Schools turn to solar power, helping state to achieve emissions reduction targets

From Monday, when students return full-time to Jamison High School, the power used to charge their laptops and light their classrooms will have been sourced from the solar panels on the school’s rooftops.

The western Sydney school is the latest to ramp up its renewable energy systems and use batteries and solar energy to help fuel its operations. Principal Glyn Trethewy said they turned on the system for the first time on Friday.

“It’s been a great journey, to be making our contribution to sustainability and reducing our carbon footprint,” he said. “Schools use power for the essential curriculum, but we also have large roof spaces.”

Jamison High School principal Glyn Trethewy with some of his students as they launched their new renewable energy system on Friday.

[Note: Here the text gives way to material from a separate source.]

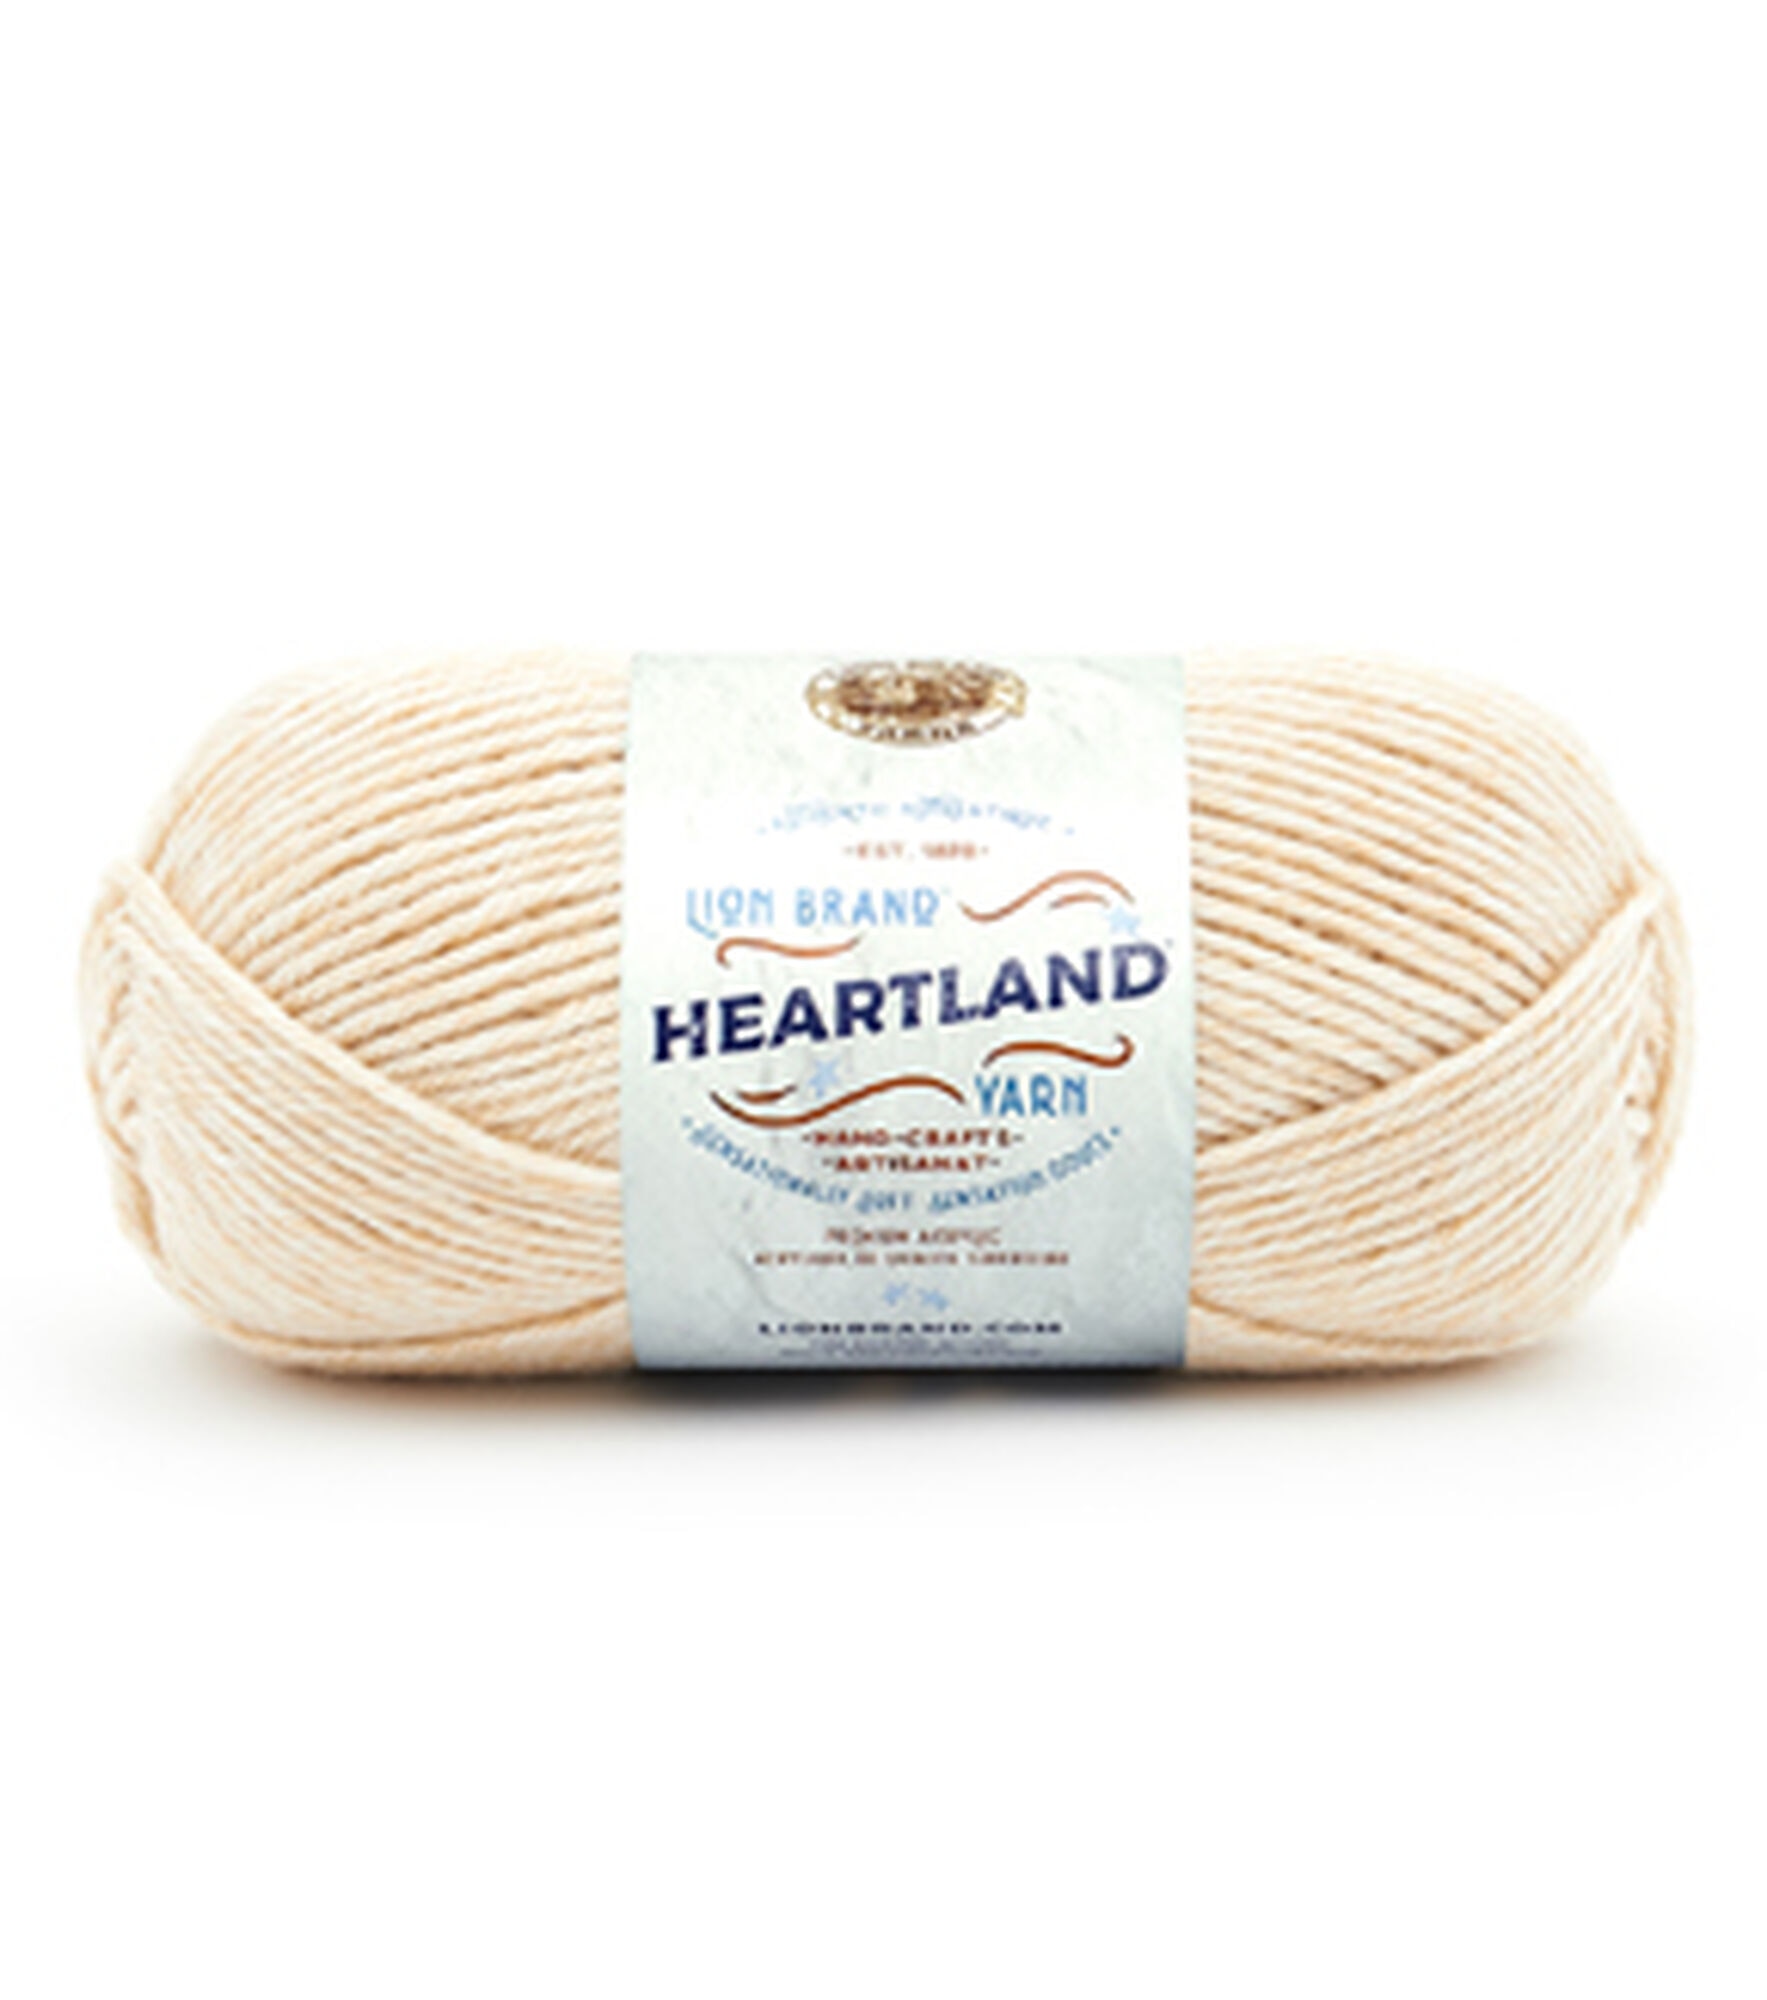 Heartland® Thick & Quick® Yarn - Discontinued – Lion Brand Yarn

Jamison High School principal Glyn Trethewy with some of his students as they launched their new renewable energy system on Friday.Credit:Wolter Peeters

About 1500 of the state’s 2200 public schools use some level of solar energy and a few, such as Wiley Park Girls High in western Sydney, source substantial amounts of energy from their 100 kilowatt solar panels. Others have smaller systems of about 5 kilowatts, which mainly supplement other power sources.

But the potential for schools to both generate energy and sell it back to the electricity grid could help propel NSW towards its goal of halving emissions by 2030, the state government said.

The NSW Department of Education is looking to replicate a similar model to Jamison High’s across its schools and last week released tenders for solar energy systems to be mounted in a $20 million pilot program across 25 schools. Work is due to begin in the summer holidays.

Jamison High School’s new solar panels.

Jamison High School’s new solar panels. Credit:Wolter Peeters

The pilot will assess the costs and benefits of installing solar systems and batteries at school sites, as well as other initiatives that could reduce demand on electricity networks.

Treasurer and Energy Environment Minister Matt Kean said it was part of the NSW government’s efforts to achieve net zero emissions by 2050: the new systems would generate electricity to run the schools, store energy and sell it back to the grid.